Bear with me, I’ve been reading a lot of Deleuze lately and I’m now reading Waiting for Godot (in fact I was reading this in the bath just now so I think it is this text which informed today’s weird thought).

My current book

My current book

There are many, many (beyond counting) moments which make up ‘reality’. These moments, or pulses, are the things we ‘do’ or ‘experience’ in our conscious lives: getting out of bed; eating some toast; ice-skating in the sunshine; squeezing out a botty burp that is giving us stomach ache; eating a hot, ketchup covered wurst at the German market in Birmingham; watching EastEnders; reading in the bath; being amused or touched by a comment of a friend; washing a cup; feeding a cat; or being moved by an act of kindness from a stranger. These moments make up reality. The moments each last just a tiny fraction of time. There are millions of these fractions of reality in a lifetime.

So, are you still with me? We don’t remember all of these moments, but we remember a few of them. The ones we remember are those realities that give us a sensation. It doesn’t matter what this sensation is, what matters is the intensity. Some moments of reality don’t give us much of a sensation: making a cup of tea, talking on the phone to PlusNet, sitting on an Arriva Train Wales with a laptop or wrapping yet another Christmas present. However, a few moments do give us a powerful sensation. During a lifetime there are probably quite a lot of these powerful sensation-inducing moments: an unexpected kiss, a resonating comment, a moment of pure and painful laughter or a smile on a train. Those moments of sensation, from moments of reality, turn into memories.

Is sitting on one of these going to Welshpool memorable?

Is sitting on one of these going to Welshpool memorable?

The memories of those sensations coming from points of reality can be incredibly strong. If I shut my eyes, and remember, really remember, I can feel those moments in my head, moments which may be from many years ago and which lasted only seconds. In my head I can make them last much longer and repeatedly. The feeling can be quite strong and intense. Yet, the reality of those moments was just a fraction of time when they actually happened. In my head, they have happened many times again.

And when I’m no longer of this world, those memories of those sensations of those realities will simply no longer exist. To me they are huge. They can’t be, though. They only feel huge. I can’t give the memory of those moments to anyone else. I just have to accept that they will disappear with me.

Even Deleuze likes to wear a cat now and then

Even Deleuze likes to wear a cat now and then

Thanks, Deleuze and Beckett, for that cheery thought!

 

What art and Facebook have in common

This is the weird thought I had at 2.05am when my youngest child woke me up with earache and the need to tell me that he didn’t enjoy the film he had seen at school that day (something to do with wolves and snow from what I could gather).

The little angel that woke me up last night

The little angel that woke me up last night

When I returned to bed, after dishing out the usual cuddles and Calpol, my mind wasn’t ready to settle back down to sleep so it started to think about the big questions of existence: life, Facebook, friendships and time.

That addictive social media beast

That addictive social media beast

I’ve had weird thoughts about Facebook before, and this is related to those. This thought is about how Facebook has achieved something truly great. For all the  criticism it gets for time suckage (yes, it is good at that) and inane babble (yes, it is very good at that too), I believe that it has had one revolutionary consequence. It has disrupted the natural flow of change and time in our lifetime. A natural flow that has existed since man first stepped out of his gorilla suit and discovered fire.
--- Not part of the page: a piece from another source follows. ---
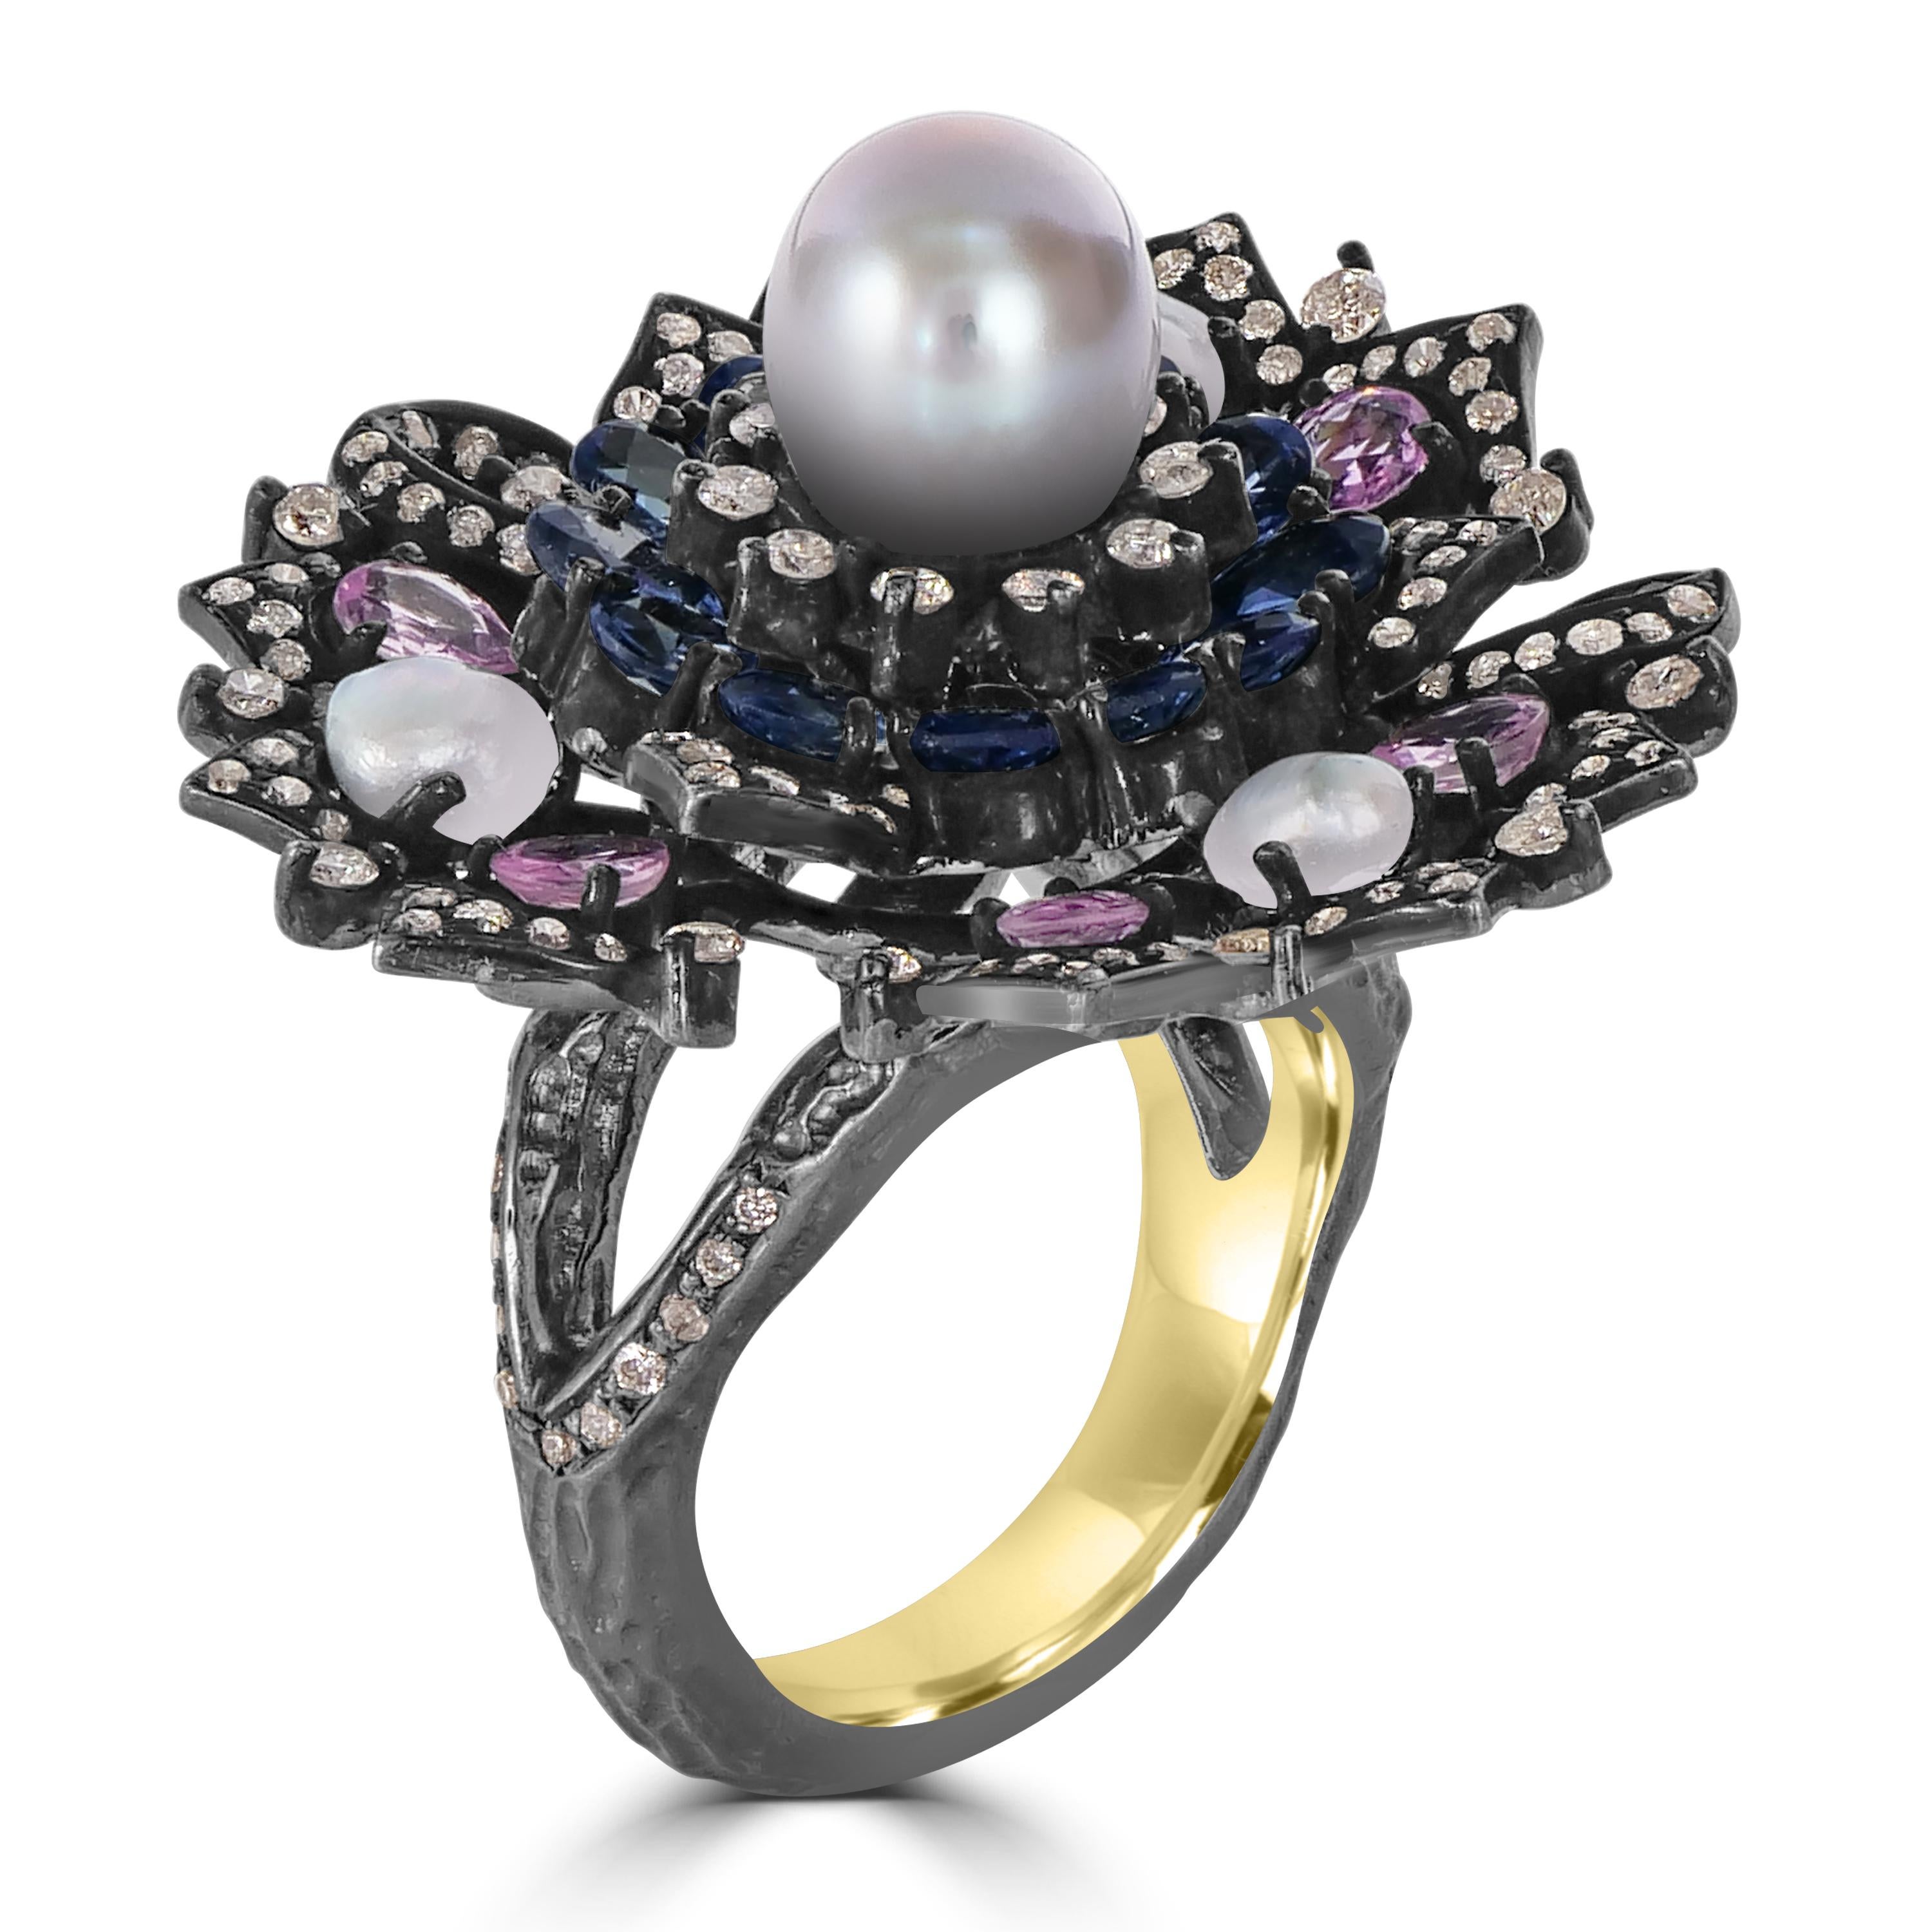 Unser exquisiter Victorian Blue and Pink Sapphire Diamond Split Shank Floral Ring ist ein fesselnder Cocktailring, der die Eleganz von blauen und rosafarbenen Saphiren mit dem zeitlosen Funkeln von Diamanten verbindet. Dieser mit Präzision und Liebe

This man has just said goodbye to his best friend because he's moving to another cave

This man has just said goodbye to his best friend because he’s moving to another cave

‘What on earth are you on about?’ I hear you all cry, in unison. Well, let me explain.  As we go through life: birth, babyhood, toddlerhood, childhood, school days, college, university, work, parenthood, work, retirement and death, people come into our lives, we build up relationships with them, then we or they move on. That is the natural way of things. We make friends at school. We all leave school. We eventually lose touch. We go to college or university. We make friends. We leave. We lose touch. We work. We make friends. We leave. We lose touch. Getting to know people and saying goodbye to people are part of the rich fabric of life that we just have to get used to. The joy of friendships and the grief of leaving is part of what normalizes life. Beginnings and endings are natural. It is just the way it is. Some people do stick with each other for life. That is quite rare though. And that depends on both parties staying in the same location for their entire lives. Most people drift in and out of each others lives like blobs in a giant interconnected Venn diagram.
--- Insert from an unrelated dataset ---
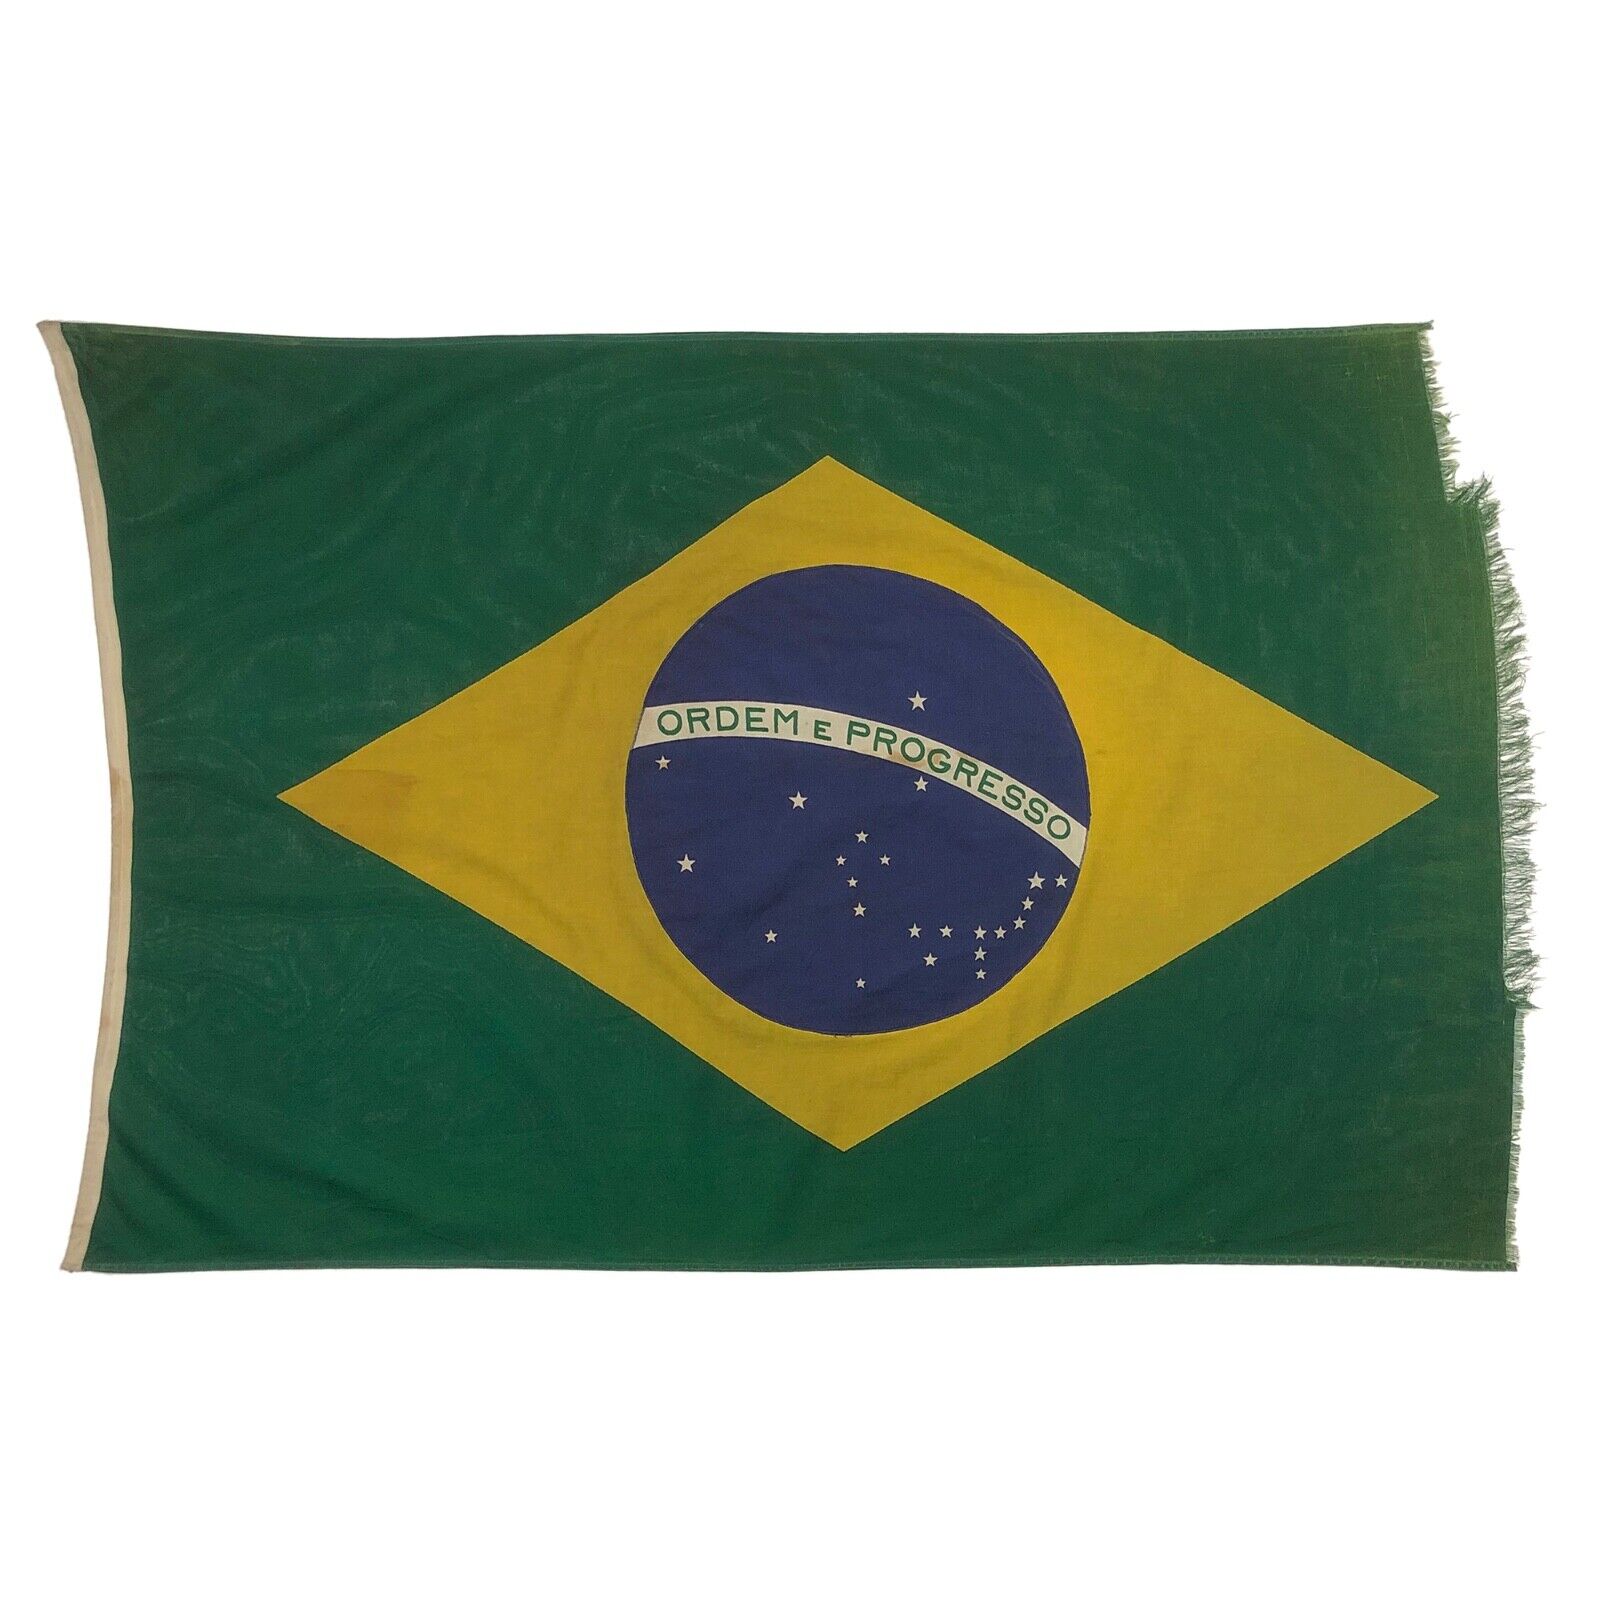 Vintage Cloth Brazilian Flag Distressed Cotton Antique Brazil Textile Art Decor

However, Facebook has changed this. Facebook allows for those Venn diagrams to overlap and grow bigger. Facebook has helped to turn the world into one giant rhizome of interconnectedness. Our relationships are now like cauliflowers rather than spring onions. Thanks to Facebook, virtual friends can become real ones, and real ones can become virtual ones. This process can swap over and repeat and repeat. The important thing is that the friends you leave behind now will remain in your Venn diagram. They will never leave. Saying ‘goodbye’ isn’t quite so devastating as it used to be because you will see the people you leave behind at your leaving do, later, on Facebook.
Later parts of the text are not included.